Cost of Sanctions in Russia

  • The first comprehensive economic analysis measuring the impact of sanctions on economic activity in Russia.
  • The team relies on “using private Russian language and unconventional data sources including high frequency consumer data, cross-channel checks, releases from Russia’s international trade partners, and data mining of complex shipping data”.
  • Results are grim – “From our analysis, it becomes clear: business retreats and sanctions are catastrophically crippling the Russian economy.”

Inflation Expectations

  • Fascinating chart from BIS on how survey inflation expectations shift over time.
  • As they say – first you get skewness, then variance, then both decline and the mean shifts.
  • Temporary shocks become persistent in expectations.
  • This happened in 1960s into 1970s in the US and 2010s in Brazil (see page 11 of deck).

Consumer Confidence

  • Pretty staggering chart.
  • Buying conditions for cars, houses, and large durable goods fell to multi-decade lows in June, according to the University of Michigan survey, meaning the vast majority of respondents believe it’s a bad time to buy the above“.
  • Consumer sentiment about the economy is also at a 40-year low. Interestingly, Oaktree make the point that the magnitude of decline could be skewed by political bias.
  • For context, in June 1980, the difference between sentiment figures for self-identified Democrats and Republicans was 4.1 points. The gap is currently 31.5 points. This is another reminder of how people can interpret the same fundamentals very differently.
  • Source.

Hoisington Reading

  • Hoisington AM, as long duration bond fund managers, practice sound economic thinking.
  • Hence, especially in the current situation, it is always worth reading their quarterly letters.
  • Q1 letter covers why they think US monetary policy has been a disaster, causing a cost of living crisis. In terms of outlook, they rattle off a huge list of recessionary indicators flashing red but place the outturn firmly at the command of the Fed.
  • Q2 letter discusses the damaging effects of rapid monetary policy acceleration and deceleration. It also prints another list of already present recession indicators.
  • The key balance point remains – recession is in the works which pushes inflation/growth/yields down. However, if the Fed falters, returning to a pandemic type response next year – then we have another cost of living crisis to contend with.
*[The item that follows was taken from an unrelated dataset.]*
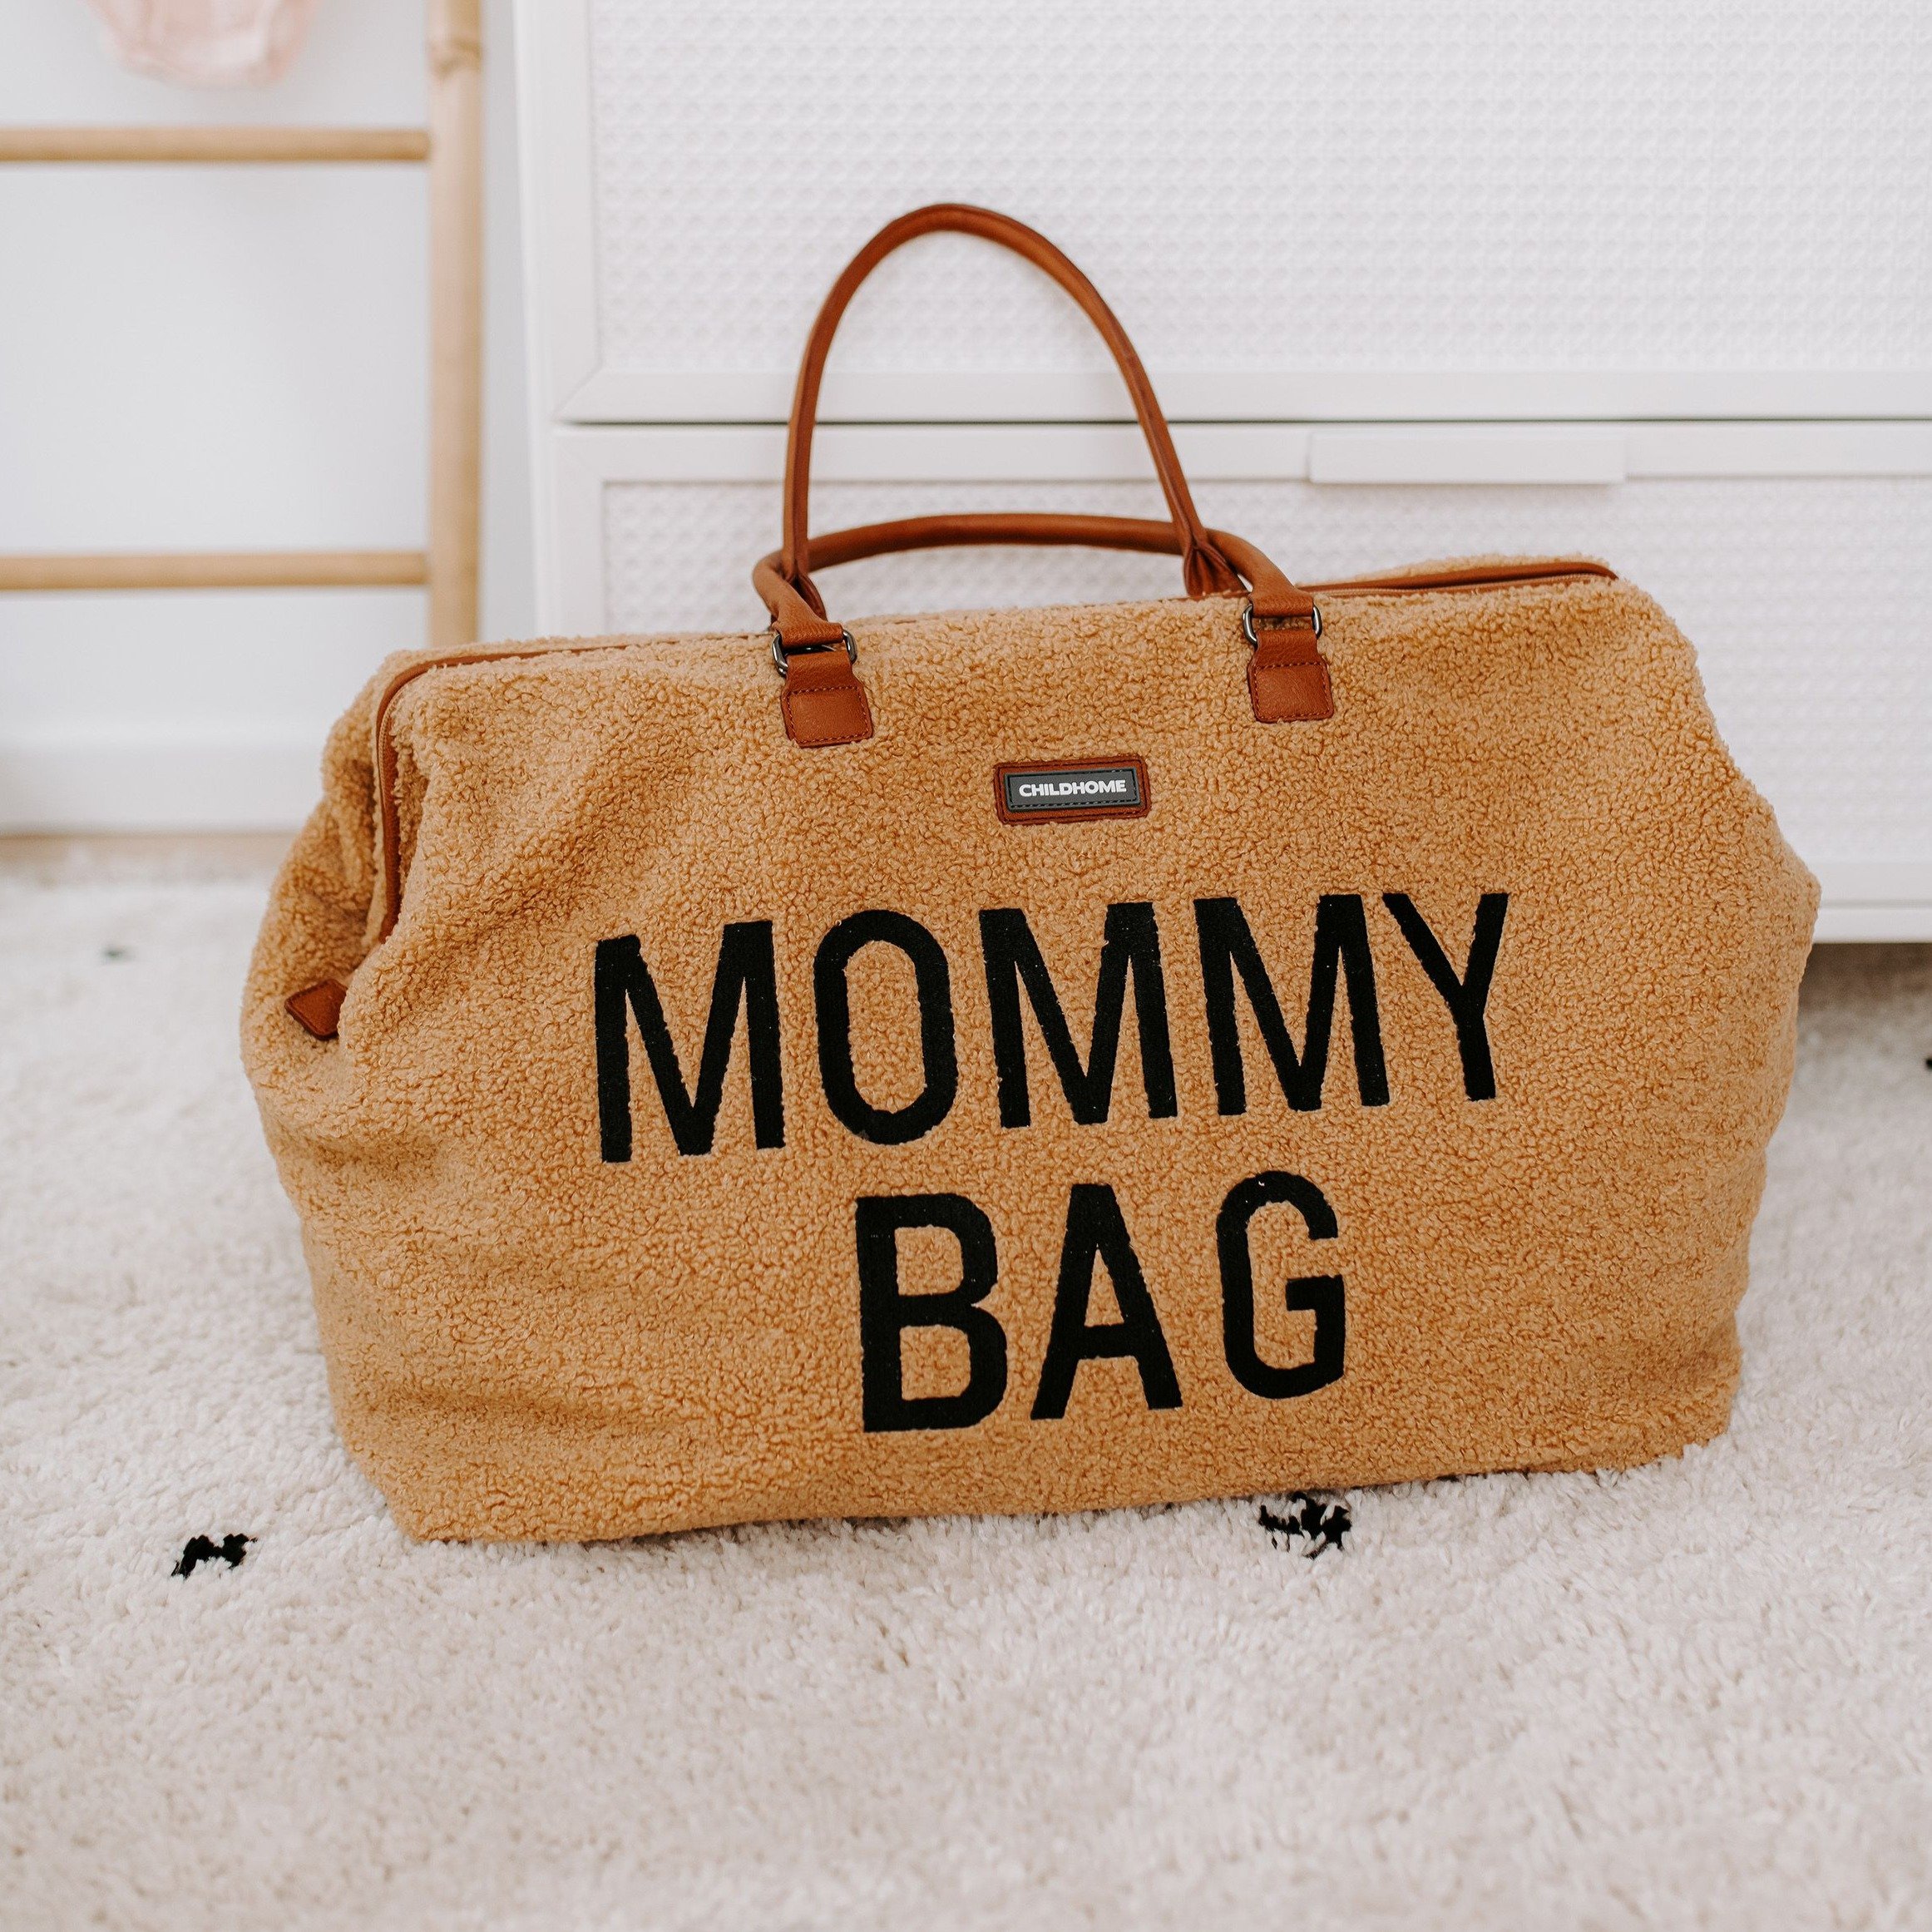 mommy-bag-teddy-neige-childhome-3_2323x2323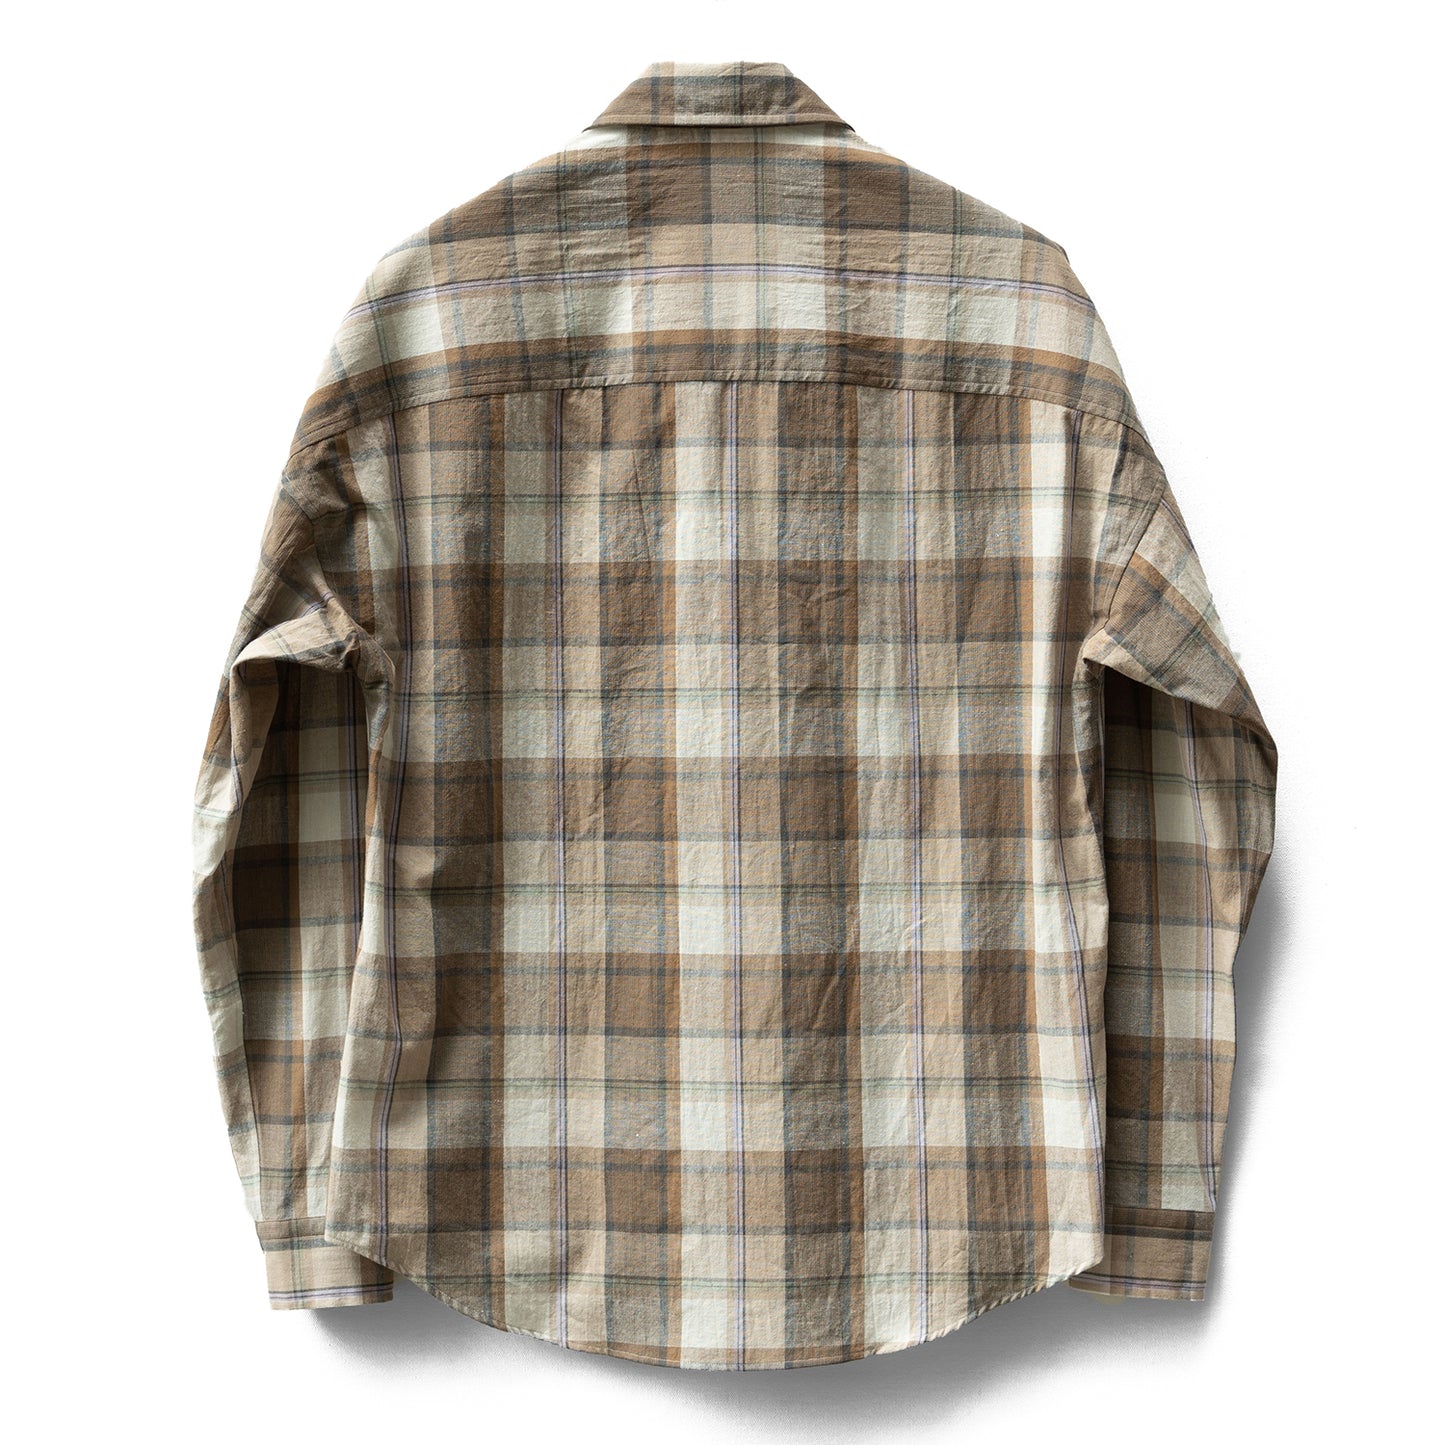 COLONY CLOTHING / ビッグチェック プールサイドシャツ / CC2301-SH02-02

What was the effect of Brexit

  • On the 23rd of June 2016 the UK decided to, by a slim majority (51.9%), to leave the EU.
  • Some six years later this comprehensive report looks back to analyse the impact.
  • The hit to business investment, as seen in this chart, is clear – “UK business investment fell by 0.1 per cent a quarter on average in the three years post-referendum, compared to growth of 1.7 per cent a quarter on average growth in the previous three years, and ongoing growth in other G7 countries.
  • However, the universally held belief that trade with the EU would suffer, didn’t materialise. “The UK has now been trading under the terms of the TCA [Trade and Cooperation Agreement] for 18 months, and, although UK imports to the EU have fallen relative to the rest of the world, the share of goods exports to the EU remains at its pre-Brexit levels.
  • Lots more analysis and data inside.

Rhine River Water Level

  • Worrying development as the water level in the River Rhine drops to critical levels.
  • The river is vital, in that 80% of German inland water way goods transport relies on it.
  • This is especially important for bulk commodities and disruption could cause a 1% hit to German industrial production (at the worst point).
  • h/t Daily Shot.

Infrastructure Building

  • Interesting article arguing that state capacity is the real constraint for delivering infrastructure projects, not interest rates.
  • The new tunnels for New York’s East Side Access project cost about $4 billion per kilometer, while Paris built a similar project (infill development, went under the Seine, had problems with catacombs) for $230 million per kilometer. Copenhagen, Barcelona, Naples, and Milan were all cheaper still, while South Korea was generally the cheapest, with a tunneling cost around $100 million per kilometer, or perhaps less. That’s quite a difference in state capacity.
  • It’s not just tunnelling – NYC spent $39m per station to add elevators, Boston $25m while in Berlin it cost just $2.6m.

UK Inheritance Tax

  • UK’s Inheritance Tax (IHT) system seems broken.
  • The effective rate looks very different to other countries and raises less than it should.
  • In addition, take this chart from HMRC’s (UK tax authority) analysis of 2016/17.
  • It shows estate values on the x-axis and the effective tax rate on the y-axis.
  • Notice the huge drop off for large estates (£9m+).
  • It turns out the IHT is only progressive for mid/upper-mid classes.
  • There are plenty of reasons why this is (listed in the article).
  • IHT is “a tax with a terrible combination of a high rate (which makes it unpopular and drives avoidance) and poorly targeted/overly-generous exemptions (which then enable avoidance).